Students have unenviable task in hand as examination nears

Meera Srinivasan

Public examination this March will be held under new State Board syllabus Public examination this March will be under new State Board syllabus


  • "Memorise-and-reproduce attitude has crept in"
  • "Students confused by question paper pattern changes"

    CHENNAI : Plus Two students following the new State Board syllabus are all set to take up public examination this March.

    With the new, arguably difficult curriculum on one hand and the pressure of having to score high to get into good engineering colleges on the other, this year's board examinations assume additional significance.

    "Initially, they practised more problems for the sake of TNPCEE. Now that it has been scrapped for students of the State Board, I find more and more students resorting to theory questions. The `memorise and reproduce' attitude has crept in. This might not help them in the long run," says N. Vijayan, correspondent and principal, Zion Matriculation Higher Secondary School.

    Mr. Vijayan, a member of the syllabus framing committee, says the 11th and 12th CBSE portions would help these students fair better in AIEEE.

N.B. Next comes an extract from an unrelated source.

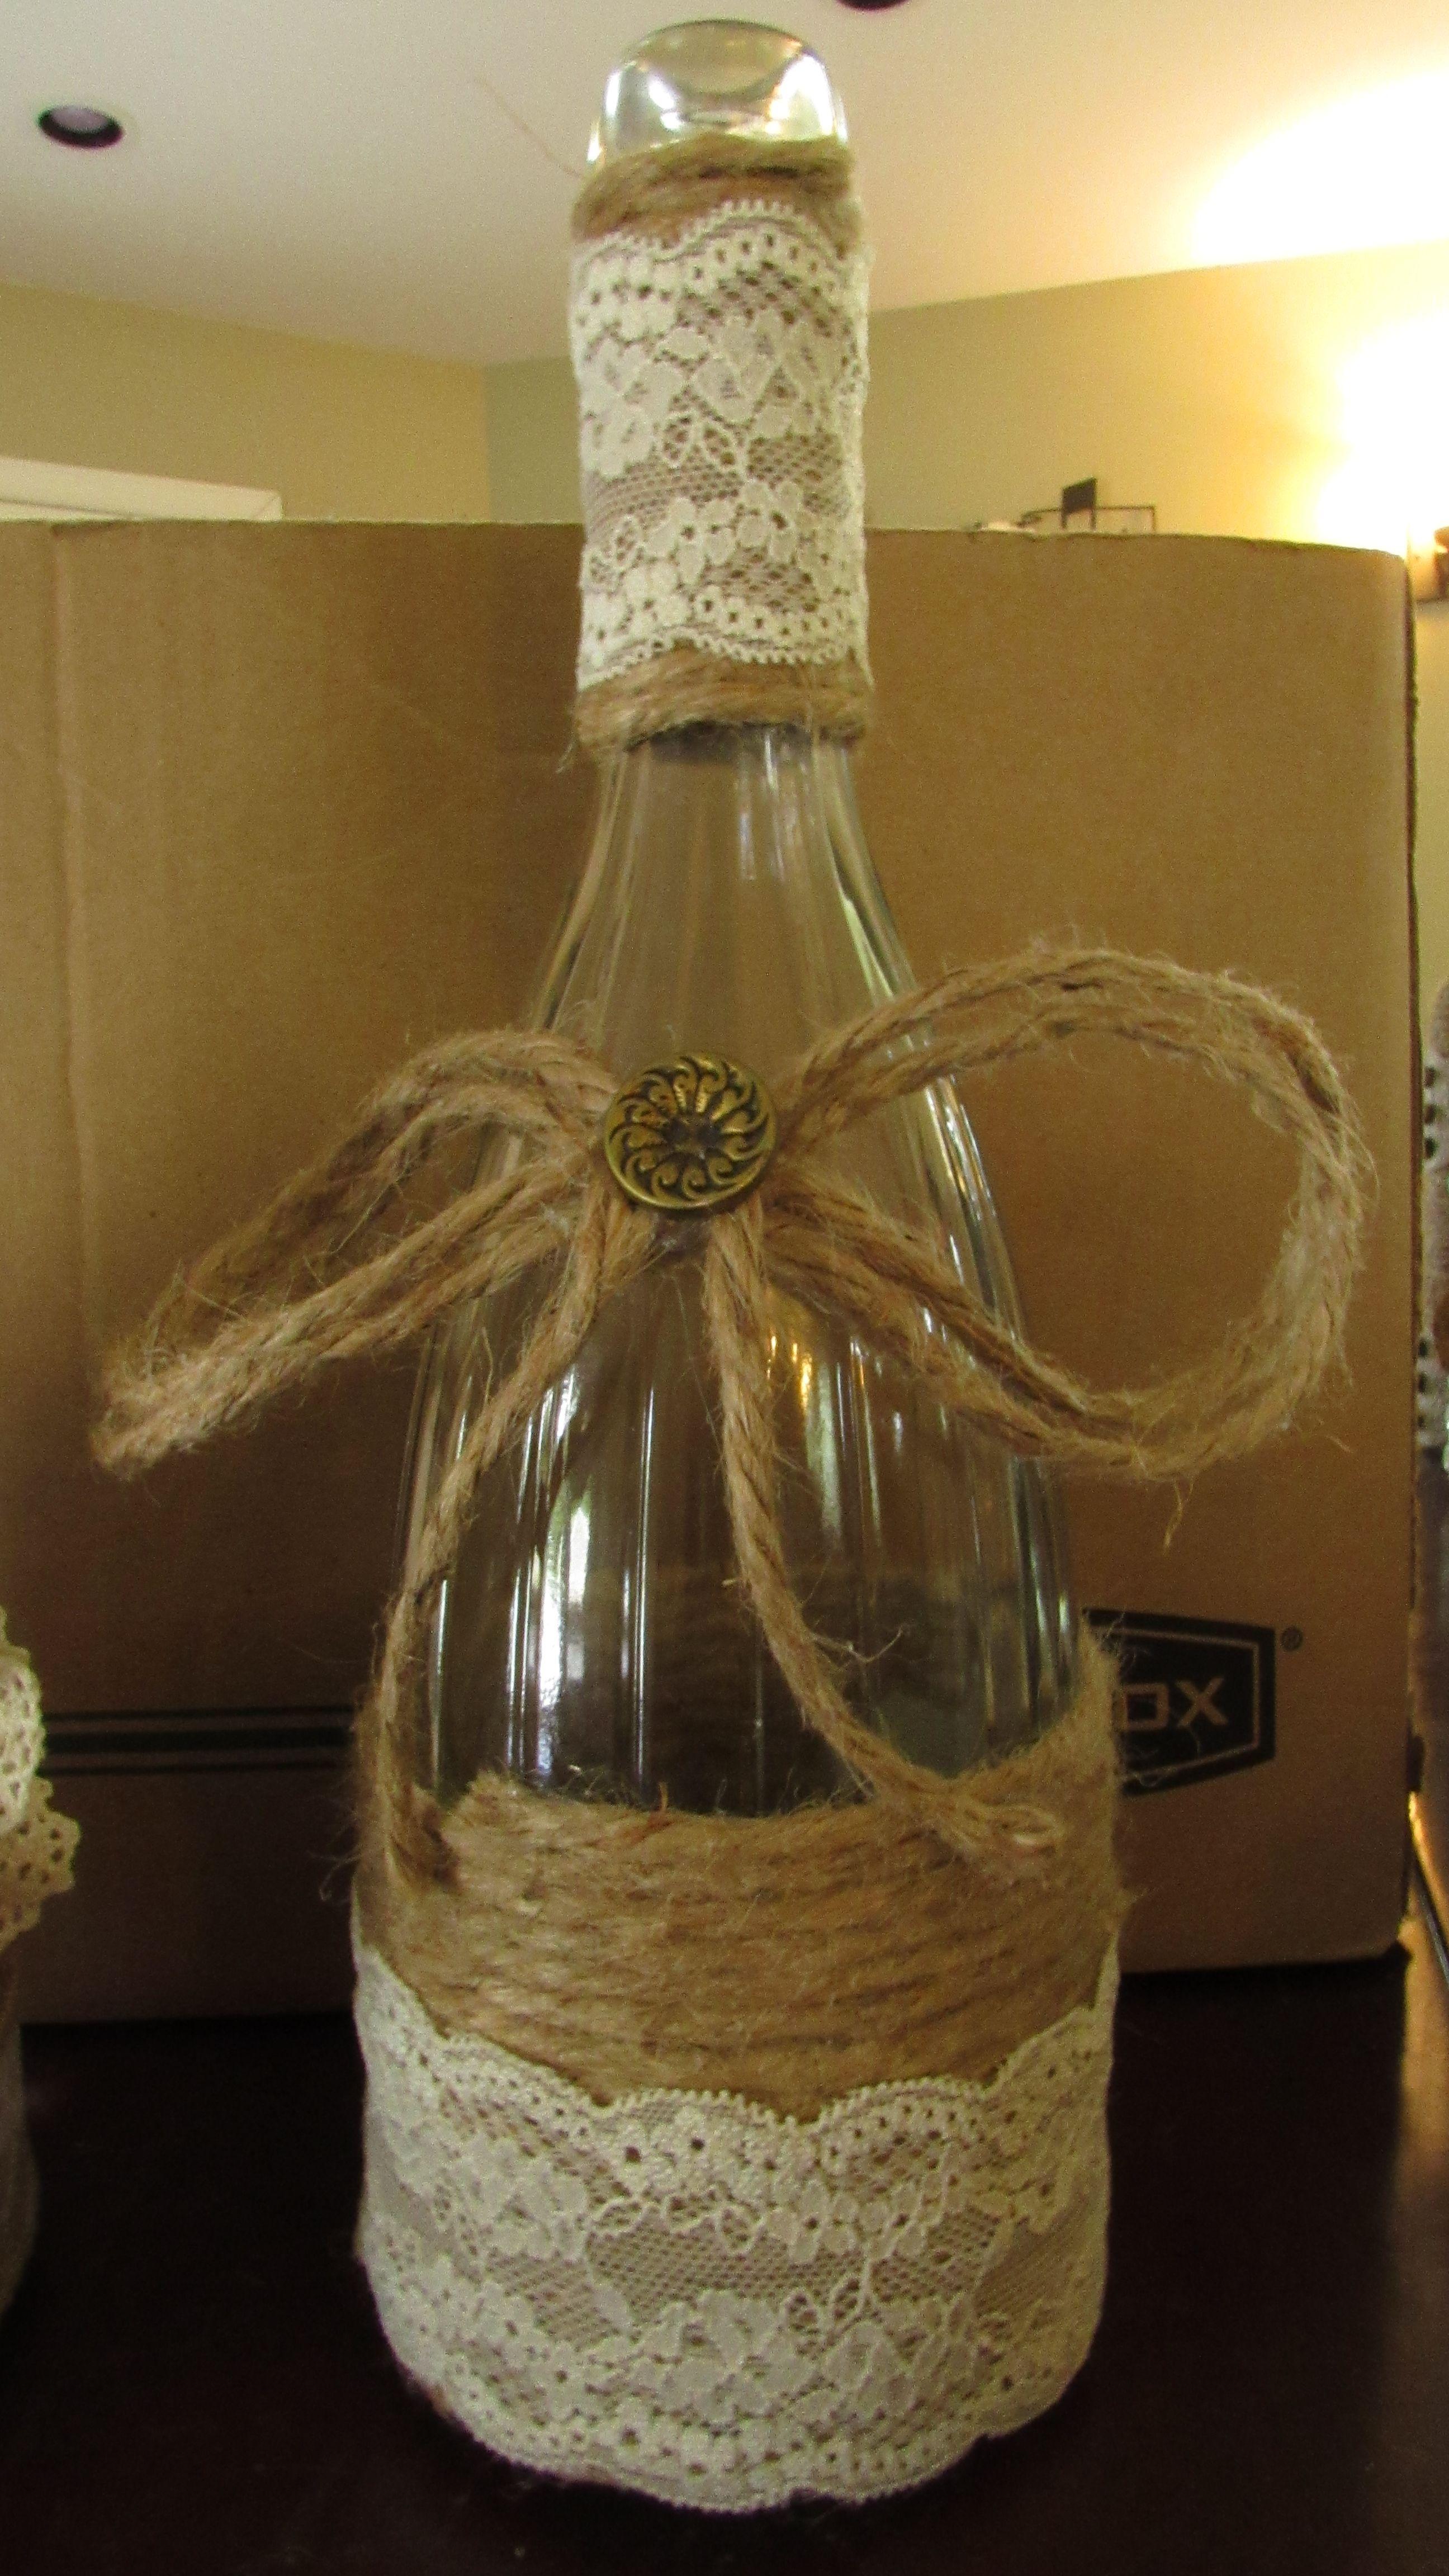 DIY Rustic Wine Bottle Centerpiece   Wine bottle centerpieces, Rustic wine  bottle, Bottles decoration

    "In our school, most students are first generation learners. We have been giving extra coaching to make them more comfortable with the new syllabus which is quite difficult. Students were quite confused due to the frequent changes announced the question paper pattern," says R.Ardhanari, headmaster, S.S.V Higher Secondary School.

    Till last year, for a student who secured full marks in the practical examination (50), it was sufficient to score 20 out of the 150 marks for theory.

    This year, the pass mark for theory paper has been increased to 43.

    Members of the Tamil Nadu Higher Secondary School Headmasters' Association have appealed to the Directorate of Education, requesting them to retain the old norm for the first batch. .

    Students would benefit only if they give adequate importance to numerical problems as well as theory, says Mr. Vijayan, adding "a student who learns the concepts in the new syllabus well is certainly better equipped than a Class Twelve pass out last year."

    "Irrespective of the question paper pattern, we train students strongly in the fundamentals. We emphasise on concept and application so that they can take up any paper with ease," says Madhumati N, director, Aspire Learning, an institute that trains over 1000 State Board students all over the State.

    Neither simple

    nor difficult

    Certain topics have been declared as `boxed' topics from which students would not be tested in the board examinations.

    "This has made the exam neither simple nor difficult. The objective of changing the syllabus has not been realised," she says. In the city, there are several coaching centres . In the suburbs and rural areas, they have great difficulty as the training in schools seems insufficient," says M. Parthasarathy of Roof Read Educational Academy.

    M.Chandrodayan, a Class Twelve Science student of Santhome Higher secondary School appears confident though he feels the portions are considerably voluminous and tough. "This syllabus will help us compete with our CBSE counterparts in college," he says.

    However, R. Srinath, a Class Twelve Commerce student of Chellammal Vidyalaya says, "Accountancy is quite challenging. Three chapters have been introduced from the CBSE syllabus."

    "It is the scrapping of CET that has denied them of competition, which would have brought out the best in them," says R. Venkatasubramanian, parent of a Class Twelve student.

    More than the syllabus, it is the frequent change in question paper pattern that seems to have confused the students.

    "Had we known the pattern earlier, we could have prepared better," says V.Sunitha, a student. Three blue prints were given for certain subjects, she said.